I mean that we can design a total new cable, includes the size, weight, color , structure, and such etc, and will support more IEM


----------



## RokkaMan

Quote: 





jamesfiio said:


> I mean that we can design a total new cable, includes the size, weight, color , structure, and such etc, and will support more IEM


 


  OOOOH OOOH! Big fan of your products, please consider a Shure SE535 cable as well!


----------



## JamesFiiO

sure


----------



## miow

This cable is so damn sexy! Does this fit Westone? How does this compares to a silver dragon cable in terms of quality? And how much does it cost?


----------



## moodyrn

I'm wondering if it would fit a jh13 pro. Where can I get this in the us. It's not showing up on head directs site.


----------



## uelover

No. It does not fit westone or jh.


----------



## miow

Thats bad news.


----------



## olor1n

When will this be available? Has price been set?
   
  I actually prefer an L shaped 3.5mm plug (more compact). I wonder if FiiO will consider it as an alternative.


----------



## kckc

I'm interested in this too.
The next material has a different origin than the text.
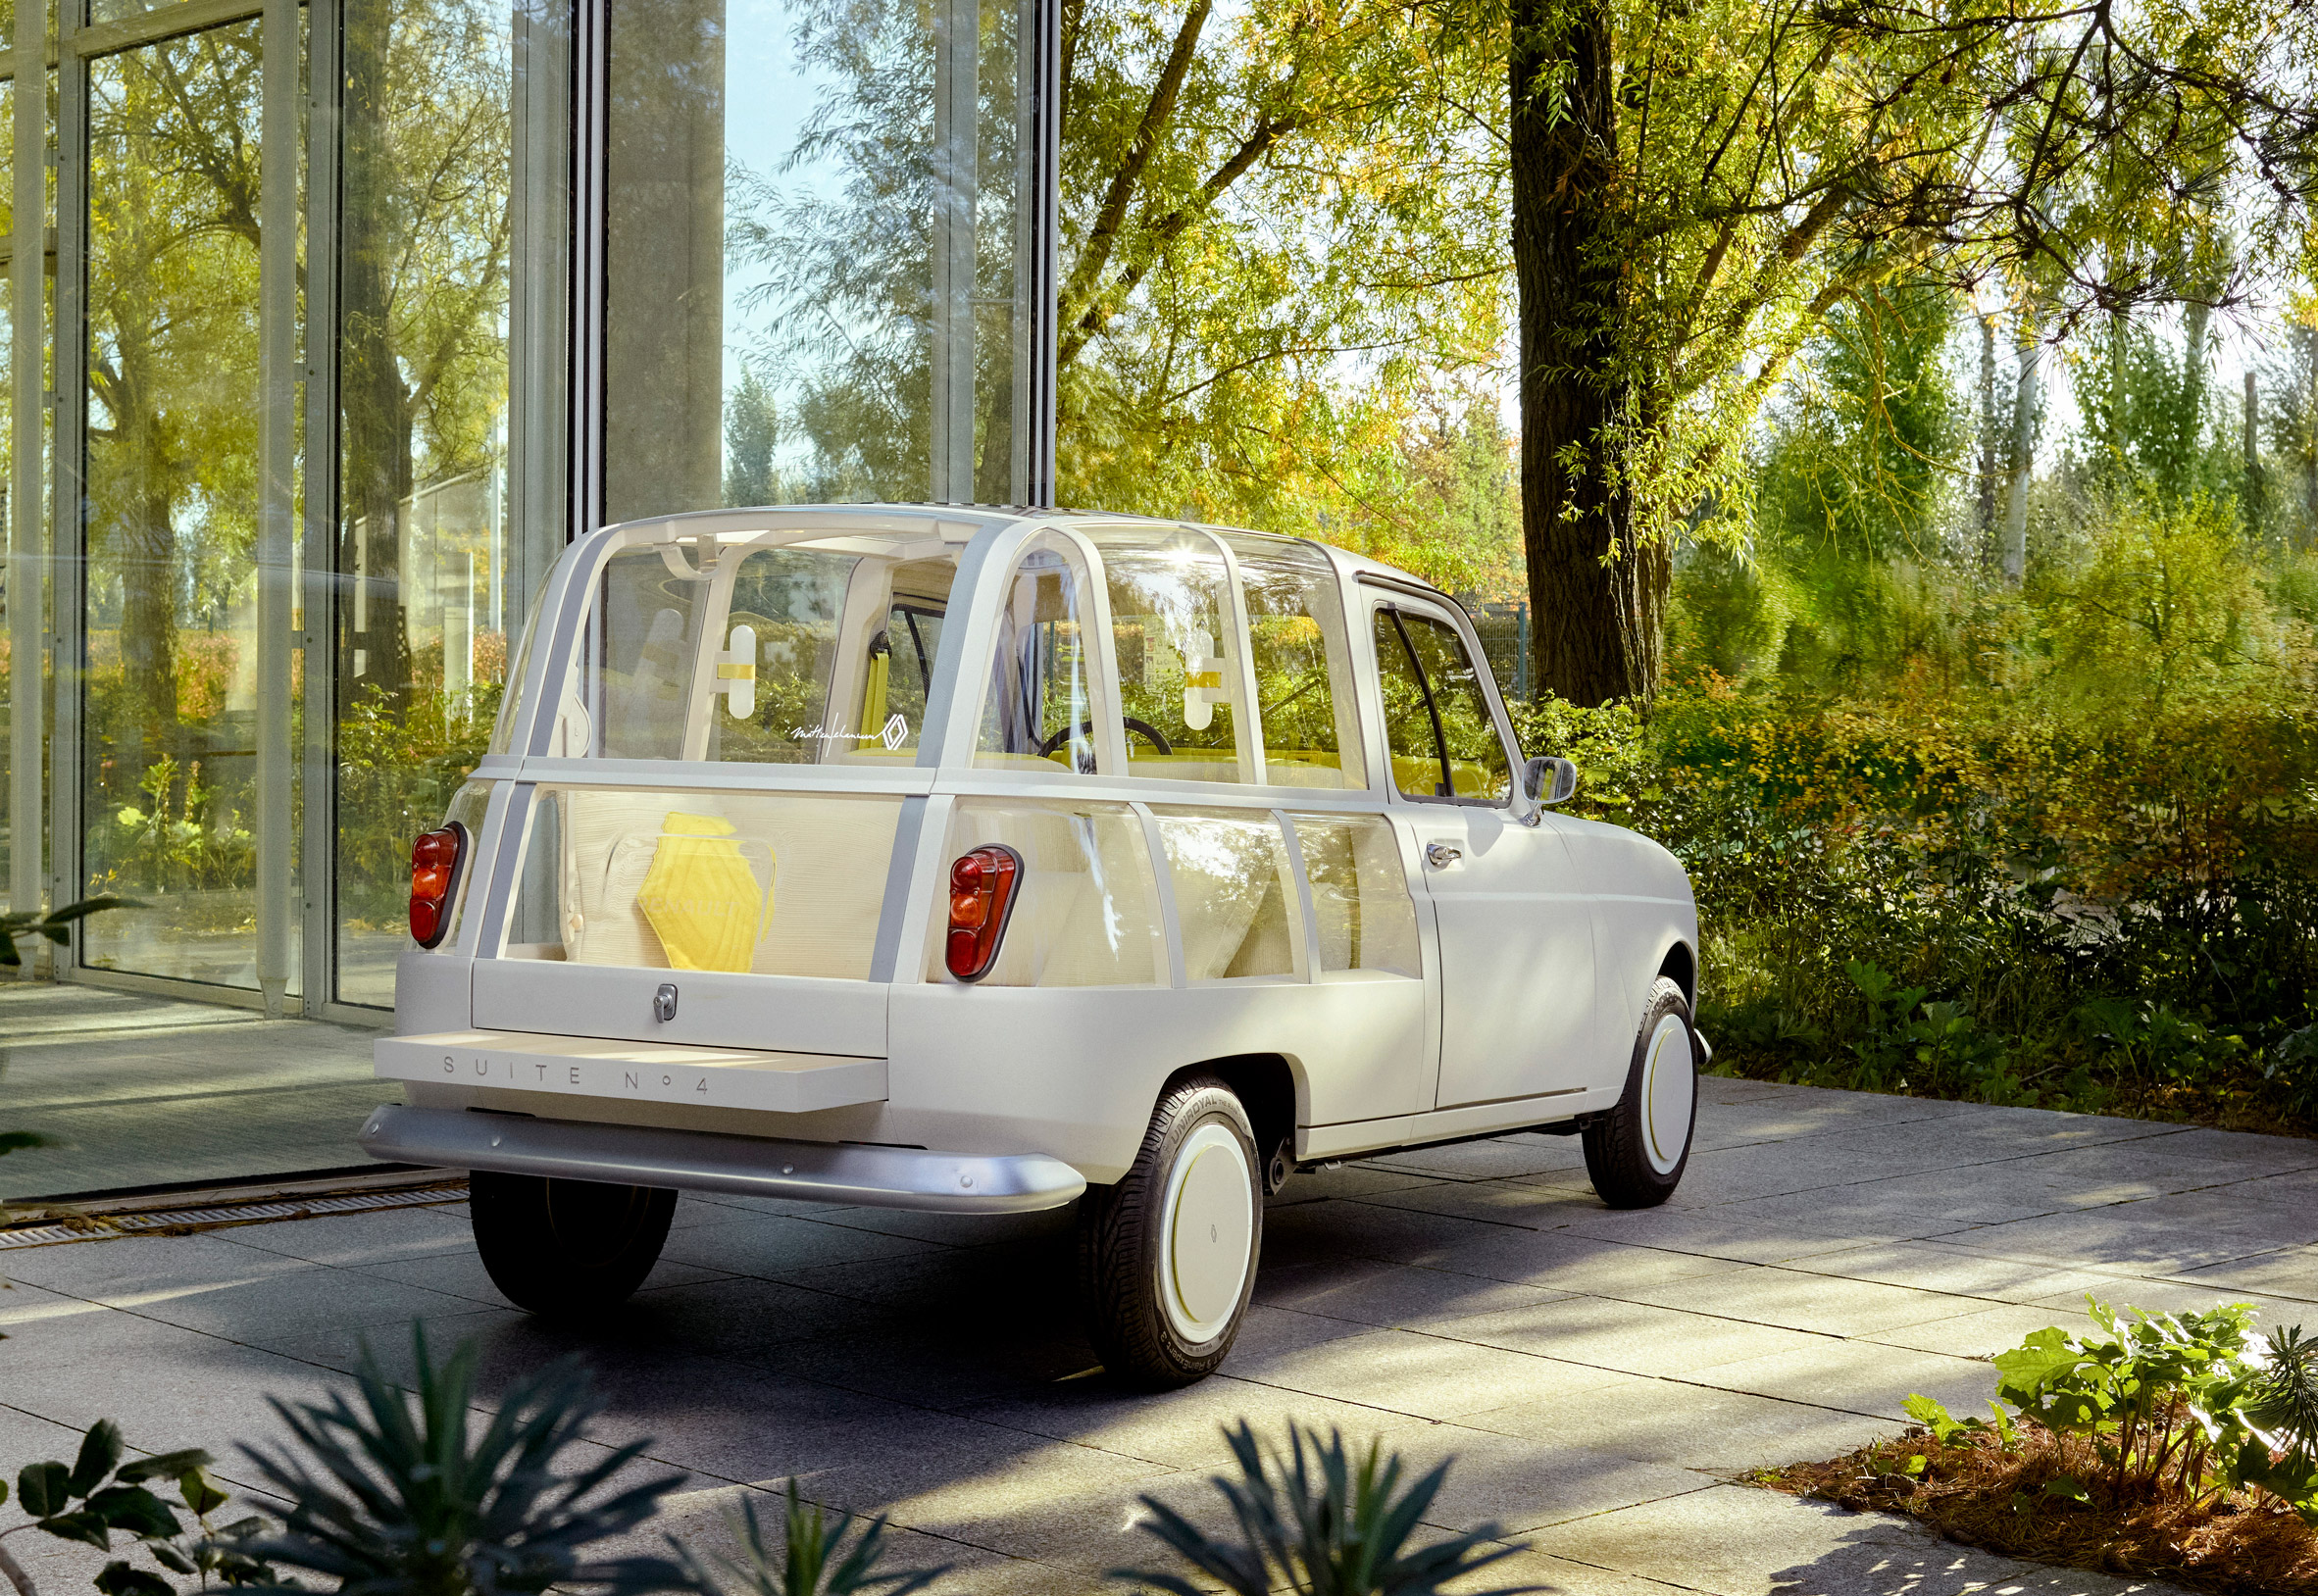 Renault 4L with cream and transparent body parked in a forest setting

Want some updates on price.


----------



## Randius

Updated 1st post to reflect correct brand.


----------



## i_djoel2000

ok it's 18th December now..
   
  any updates?


----------



## kckc

Yes I'd also like to know if there are any updates. I tried searching for it but all I got back were some Japanese articles..


----------



## Randius

Sorry but this one is actually branded under Oyaide and currently available in Japan only. It was on sale from 15th Dec and the first batch was already sold out. 2nd batch will be available from 22nd Dec. Unless Fiio can negotiate with Oyaide to release this outside of Japan, else you have to have your own means to get them.


----------



## kckc

Thanks for the update. That's too bad they're only available in Japan.. Do you know how much they are selling it for there?


----------



## Djhkll

I just did some search the price is around 6000yen-7000yen, you guys can do the currency conversion yourself. But i would really like to hear comment about this cable.


----------



## dannytang

You can find it on eBay, the price is the about the same but you pay a premium for shipping!
   
  http://www.ebay.ca/itm/Oyaide-Ultimate-Ears-Triple-Fi10-replacement-cable-1-0-m-HPC-UE-1-0-/150721516201?pt=LH_DefaultDomain_0&hash=item2317b3d2a9#ht_1194wt_906


----------



## kckc

Quote: 





dannytang said:


> You can find it on eBay, the price is the about the same but you pay a premium for shipping!
> 
> http://www.ebay.ca/itm/Oyaide-Ultimate-Ears-Triple-Fi10-replacement-cable-1-0-m-HPC-UE-1-0-/150721516201?pt=LH_DefaultDomain_0&hash=item2317b3d2a9#ht_1194wt_906


 

 Thanks for the link. That'd bring the total to about $115, don't know if that'll be worth it at that price. Waiting for impressions.


----------



## ori88

I asked my friend to check for me as he's in Osaka right now.  He said it's 6000Y or ~$80.  But I don't know that it'll fit my reshelled TF10s which I currently have UE Custom cables attached.  Does anyone know if it'll fit?  
   
  Also, $80 for this, or $75 for Chris_Himself cables?


----------